That was the cry of the season before “Merry Christmas” or even “Maligayang Pasko”. Most Filipino dialects refer to Christmas as Pasko, which came from the Spanish phrase Pascua de Navidad (Easter of the Nativity). This is a testament to Christmas being a major influence gleaned from our history as a Spanish colony.
A majority of the customs and practices during Christmas in the Philippines are holdovers of Spanish era traditions. But the Filipino tradition of celebrating Christmas today is not all-Spanish in character. Our shared history with Americans and other Western cultures has Westernized the festive season.
Here are the top 3 American Christmas traditions adapted by the Filipinos today.
1. Putting up a Christmas tree
A Christmas tree is arguably the most popular décor at homes during the holiday season. From Filipino homes to public establishments and parks, they are aplenty. Christmas trees are usually adorned with a colorful display of lights and other sparkling accessories.
But this hasn’t always been the way we celebrate Christmas in the country. During the Spanish colonial era, the Nativity Scene was the preferred centerpiece decor.
So, how did the Christmas tree get here in the Philippines? There are a number of stories detailing the origins of the yuletide tree.
The idea of the Christmas tree is believed to have been brought to the Philippines in 1886 by Jose Rizal after traveling Europe and the United States of America. Written in Rizal’s legible hand, “Ang Puno ng Pino,” the sad tale of a little fir tree, is illustrated with two spot drawings of a Christmas tree.
In his letter to his sister Neneng, the Rizal narrated that he attended religious services both in Catholic and Protestant churches. He even visited Jewish synagogues. “Everything that can teach me something interests me,” he said, “so that I can bring to the Philippines the best that I find here.”

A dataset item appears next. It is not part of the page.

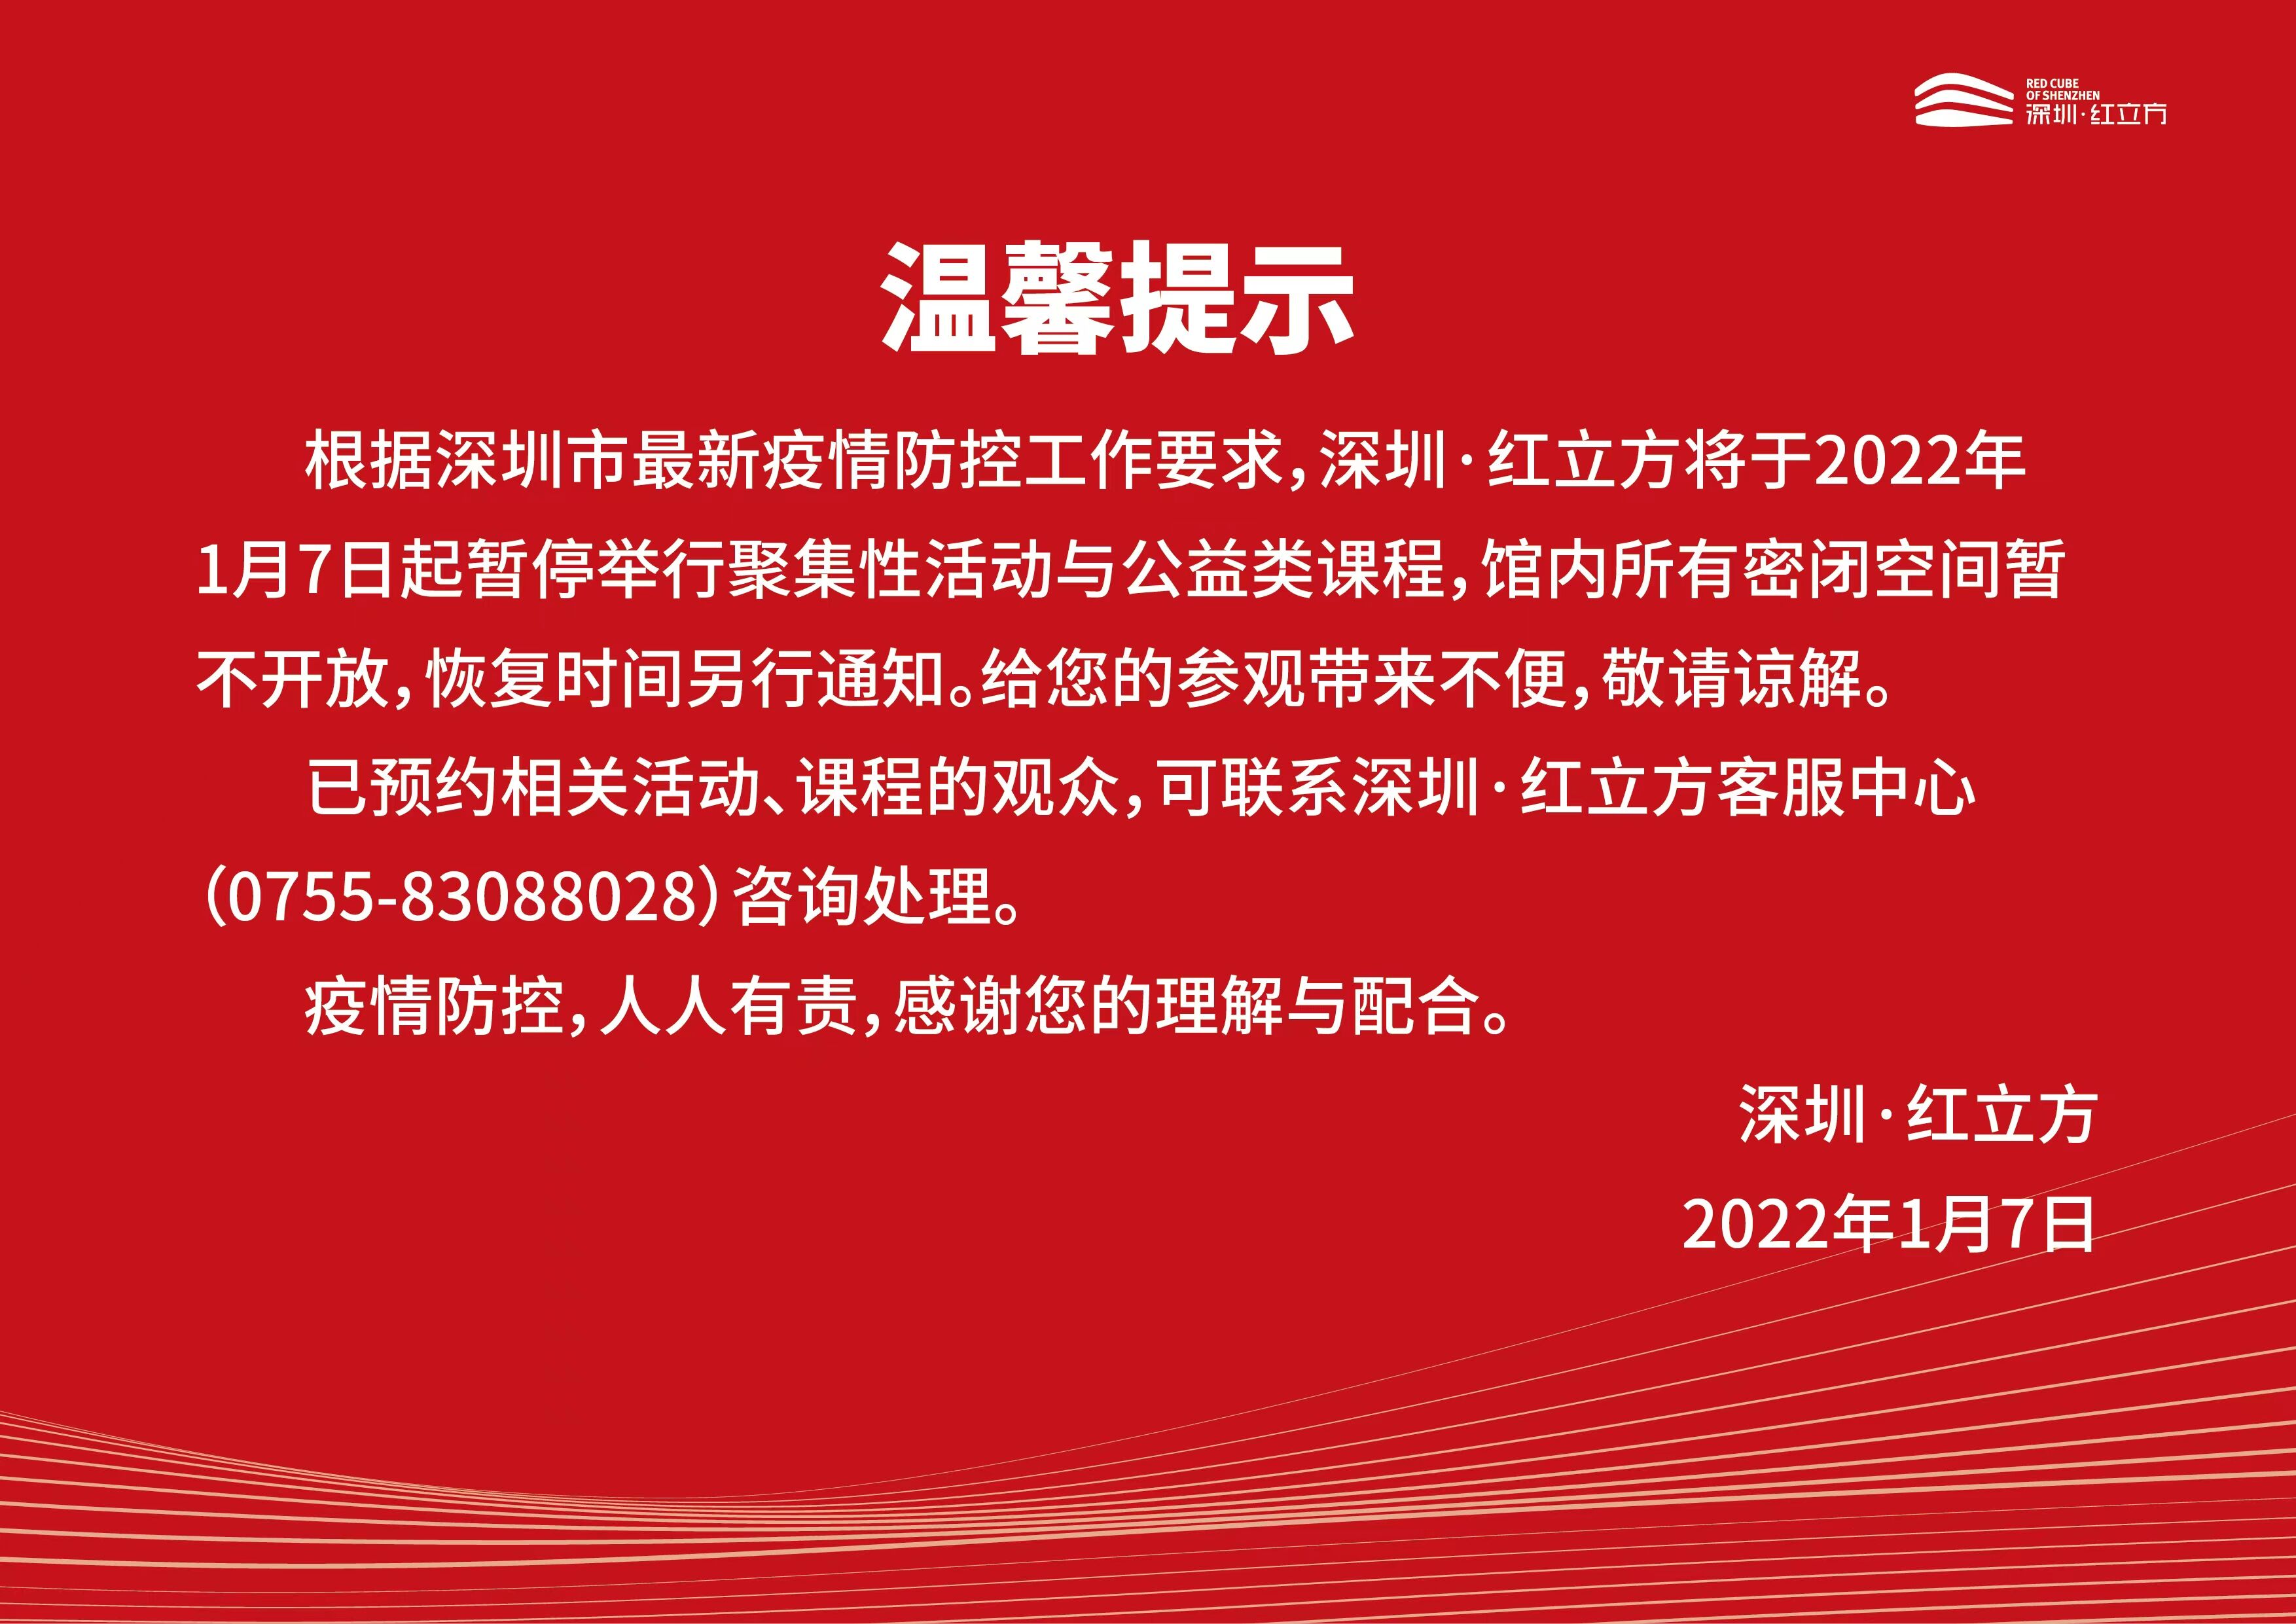 即日起 深圳·红立方公益类课程暂停 馆内密闭空间暂不开放
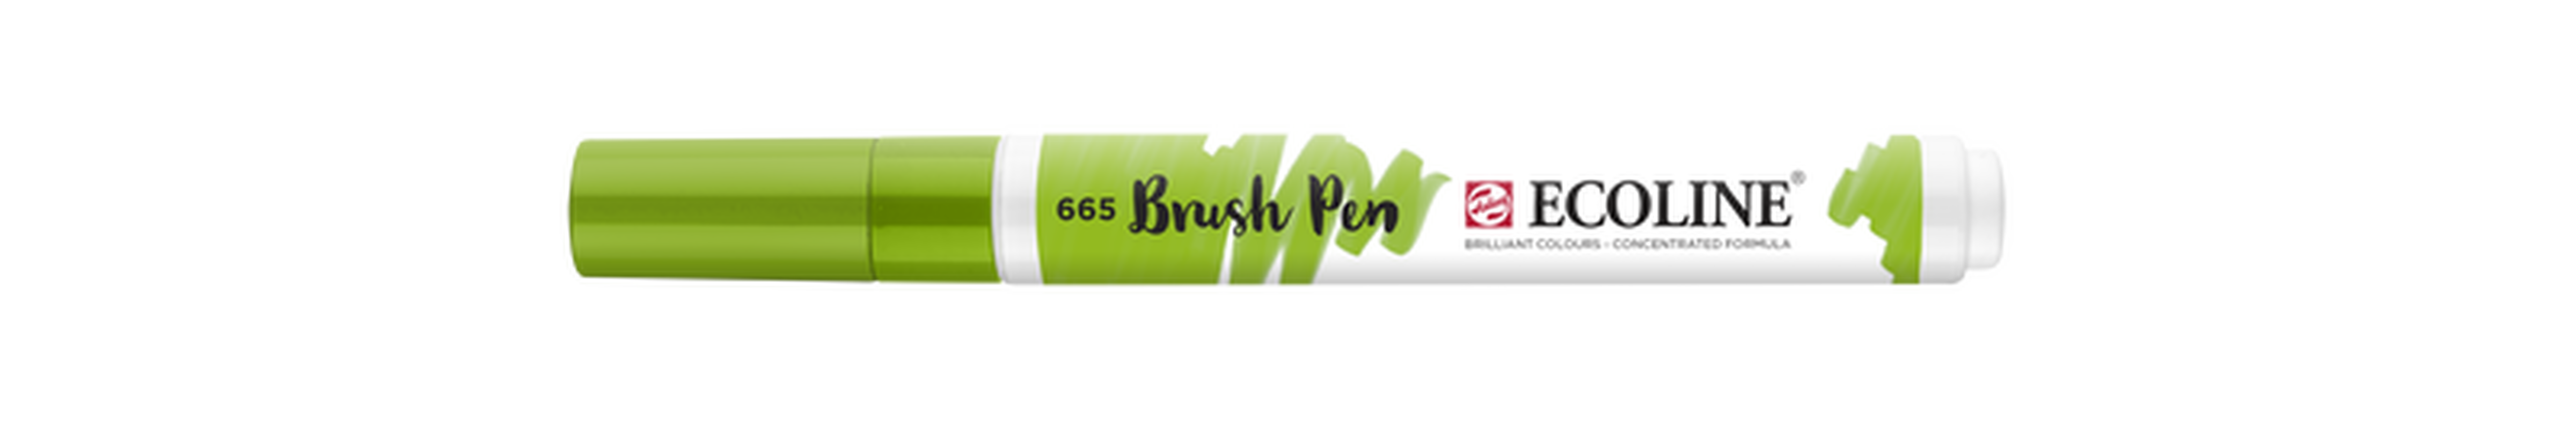 Talens Brush Pen Ecoline Number 665 Color Spring Green

In this letter, Rizal mentioned the Christmas traditions he encountered in Spain and Germany. On the Christmas tree he wrote:
“There are some beautiful and good [German] customs, like Christmas, which gives me pleasure to describe here for it is not found in Spain and you have not read about it in Spanish books. On Christmas Eve they bring from the forest a pine tree, and this tree is chosen because, besides being erect, it is the only tree that keeps its leaves during winter—I say it badly; not really leaves, but a kind of needle. It is decorated with tinsel, paper, lights, dolls, candy, fruits, dainties, etc., and at night time, it is shown to the children (who should see the preparation of it), and around this tree the family celebrates Christmas.”
He even went on and described kissing under the mistletoe – an English custom Rizal found fascinating.
The Christmas tree, however, did not gain much popularity in the country until the Americans came in the 1900s.
2. Santas Claus and Christmas Cards
During the Spanish colonial period, the Three Magi (also referred to as the “The Three Kings”) were the Santa Clauses of the time, on account of the three gifts they gave to the infant Jesus.
With the arrival of the Americans in the country in the 1900s, the way Filipinos celebrate Christmas changed.
One of the striking changes was the giving of custom Christmas greeting cards. The cards would typically contain photos of Santa Claus, Christmas trees, and snow — themes reminiscent of an American-style Christmas.
For almost five decades, Christmas cards would sport the American-style Christmas and the first truly Filipino Christmas cards came out only in the 1950s.
3. White Christmas
It doesn’t snow in the Philippines, but White Christmas is a thing. As early as September, people start to flood newly set up Holiday attractions and the usual favorites are theme parks like the White Christmas Village in Baguio City or the Disney-like Magical Field of Lights in Nuvali, Laguna. These theme destinations sort of give Filipinos a glimpse of what it’s like to experience Christmas the way Westerners experience it.
Bringing It All Together
Much of the Spanish era Christmas traditions and practices have changed ever since the Spaniards left the islands.
Today the local Christmas scene is somewhat different. It’s more Western, albeit still Filipino in character. White Christmas, Santa Claus, Christmas trees, and English Christmas Carols — these are what you’ll find in a common Christmas scene in the Philippines today.
The influence of the American culture in the Philippines is strong. We have a long shared history with America and our peoples have found home in both countries. Filipinos love American popular culture, too – a potent vehicle for socializing Western cultural practices.
Despite changes, for Filipino families at home and abroad, what has never changed is that Christmas remains one of the most awaited holidays in the Philippines and family and friends too still gather to make Christmas merry and warm.